The N1 and SFT1 cell lines shared expression of CEBPD, GTF2F1, and MXI1. CEBPD is an intron-less gene that encodes a bZIP transcription factor which can bind as a homodimer to certain DNA regulatory regions. It can also form heterodimers with the related protein CEBP-alpha. The encoded protein is important in the regulation of genes involved in immune and inflammatory responses and may be involved in the regulation of genes associated with activation and/or differentiation of macrophages. It may also be involved in the early stages of adipogenesis (Balamurugan & Sterneck, 2013; Hishida, Nishizuka, Osada, & Imagawa, 2009).

GTF2F1 encodes TFIIF, a general transcription initiation factor that binds to RNA polymerase II and helps to recruit it to the initiation complex in collaboration with TFIIB. It is also a JNK1/3-binding partner and may modulate c-JUN-mediated MAPK signaling in cell proliferation, differentiation, migration, senescence, and apoptosis (Sun, et al., 2015).

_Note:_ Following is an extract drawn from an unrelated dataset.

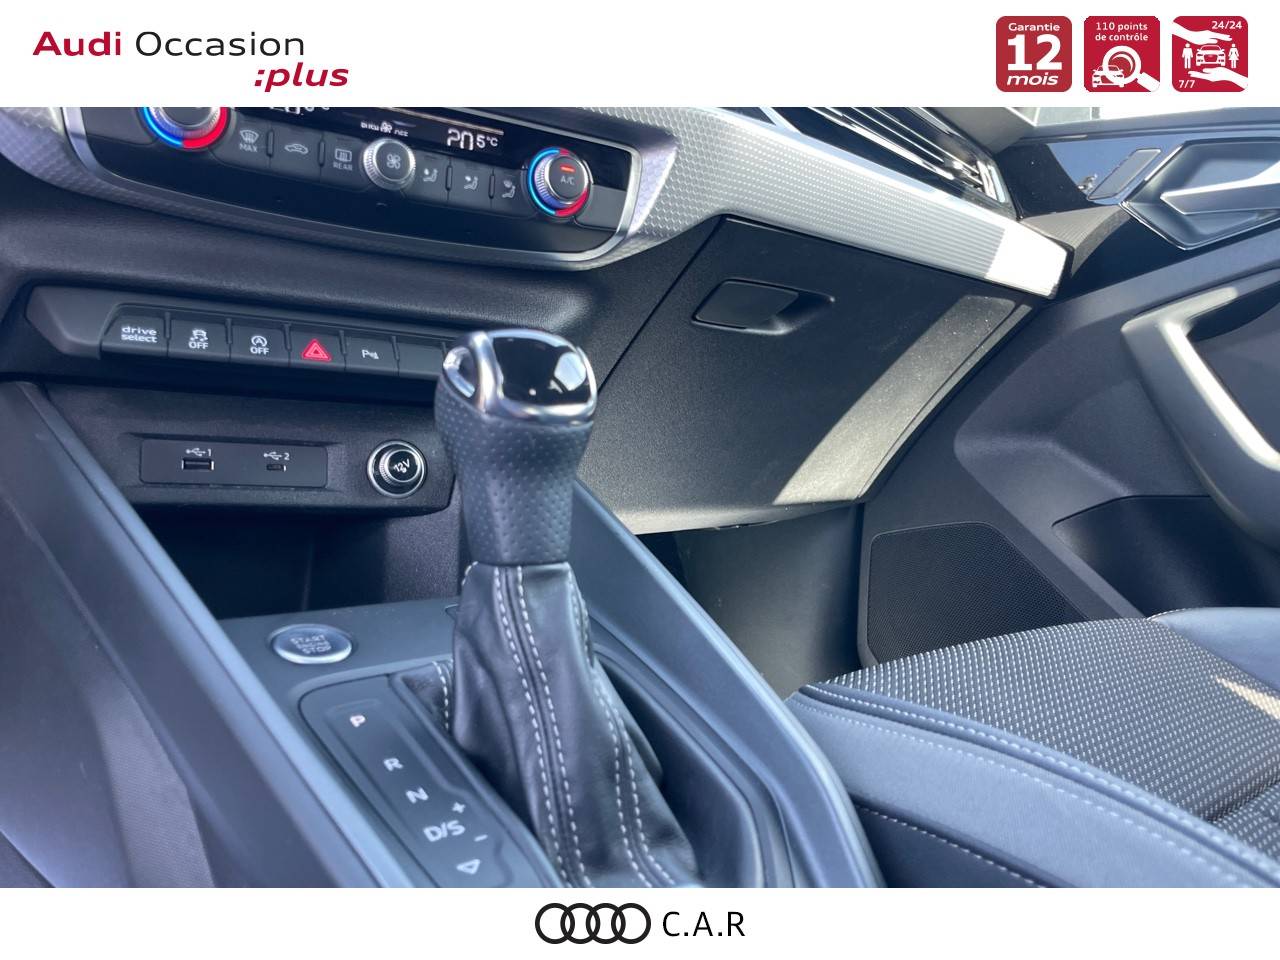 Ensemble de pédales d'origine Audi A1 A3 Q2 TT pour boîte de vitesses  manuelle, accessoires
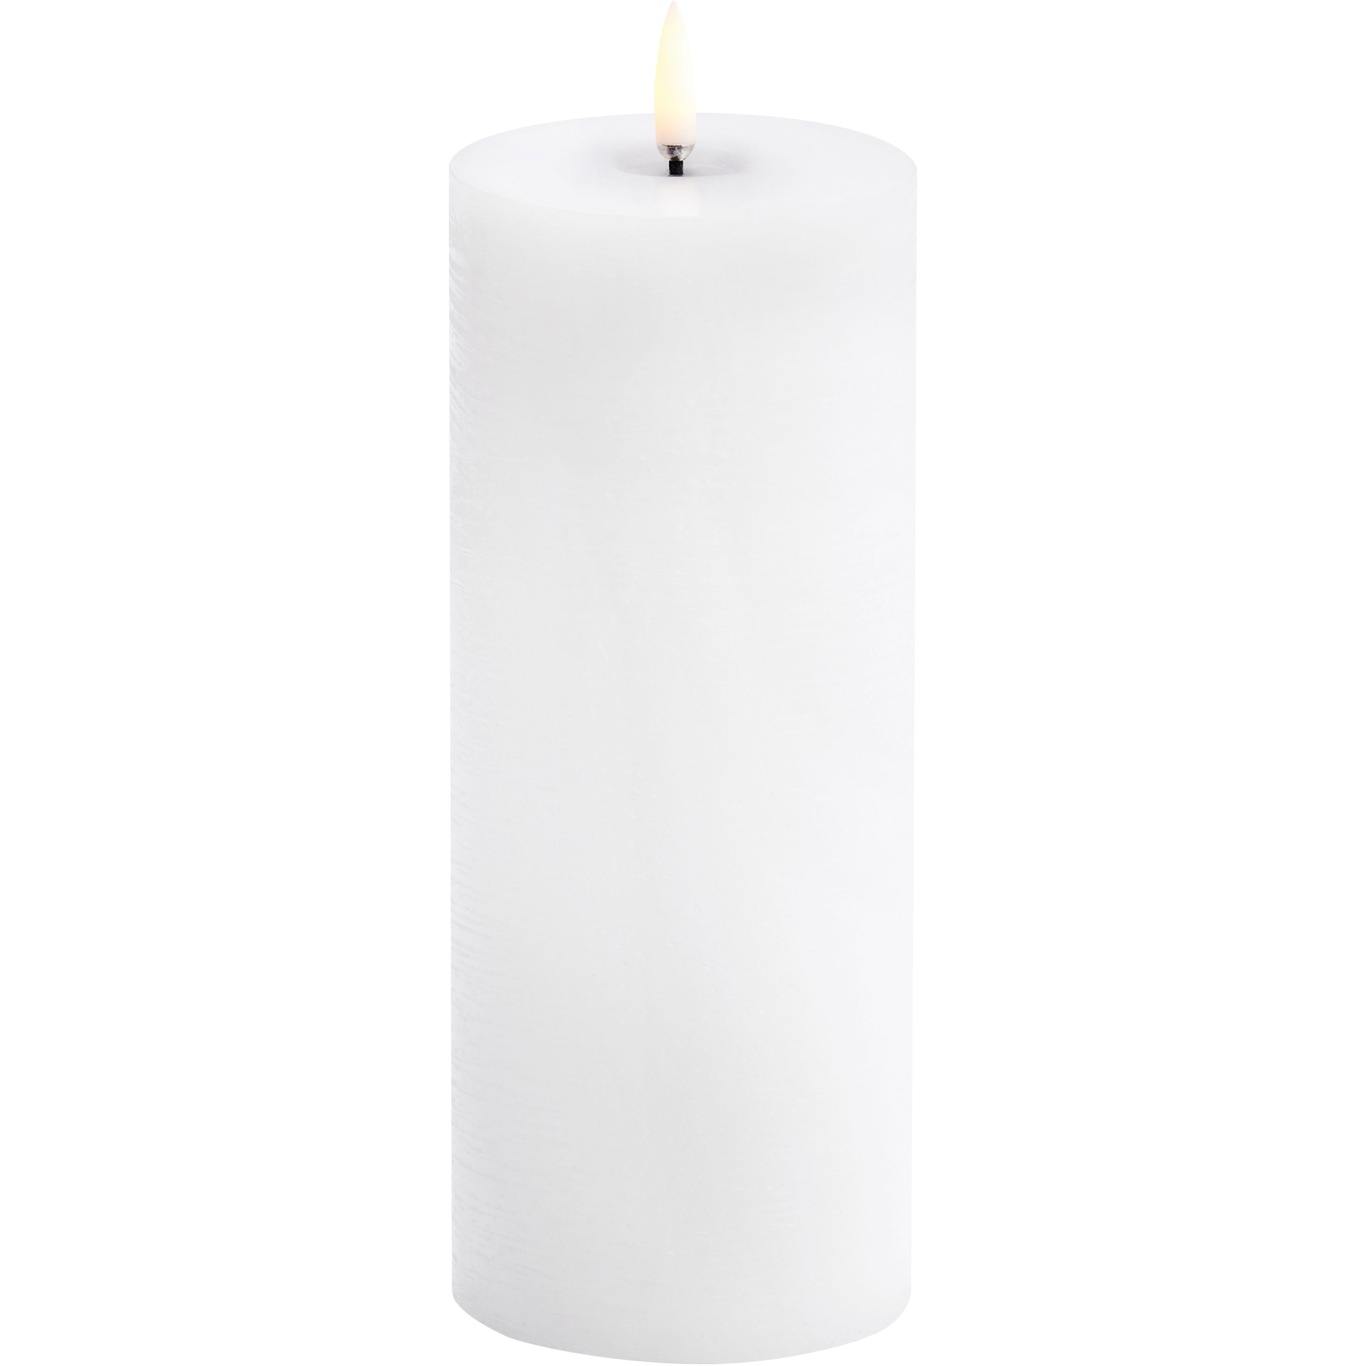 LED Kubbelys Smeltet 7,8x20,3 cm, Nordic White

MXI1 encodes a basic helix-loop-helix protein that inhibits the transcriptional activity of MYC by sequestering MAX, thus preventing the formation of MYC-MAX heterodimers, and by competing with MYC-MAX heterodimers for binding to target sites (Zervos, Gyuris, & Brent, 1993).

The iHPF_A and iHPF_B cell lines shared expression of the TF regulators PPARG and TCF21. PPARG encodes a member of the peroxisome proliferator-activated receptor (PPAR) subfamily of nuclear receptors. PPARs form heterodimers with retinoid X receptors (RXRs) and these heterodimers regulate transcription of various genes that regulate adipocyte differentiation and, pathologically, the development or progression of obesity, diabetes, atherosclerosis and cancer (Rosen, 2005; Cataldi, Costa, Ciccodicola, & Aprile, 2021). TCF21 encodes a transcription factor of the basic helix-loop-helix family. The TCF21 product is mesoderm specific, and expressed in embryonic epicardium, mesenchyme-derived tissues of lung, gut, gonad, and both mesenchymal and glomerular epithelial cells in the kidney. It is involved in the differentiation of mesenchymal cells to fibroblasts (Lighthouse & Small, 2016).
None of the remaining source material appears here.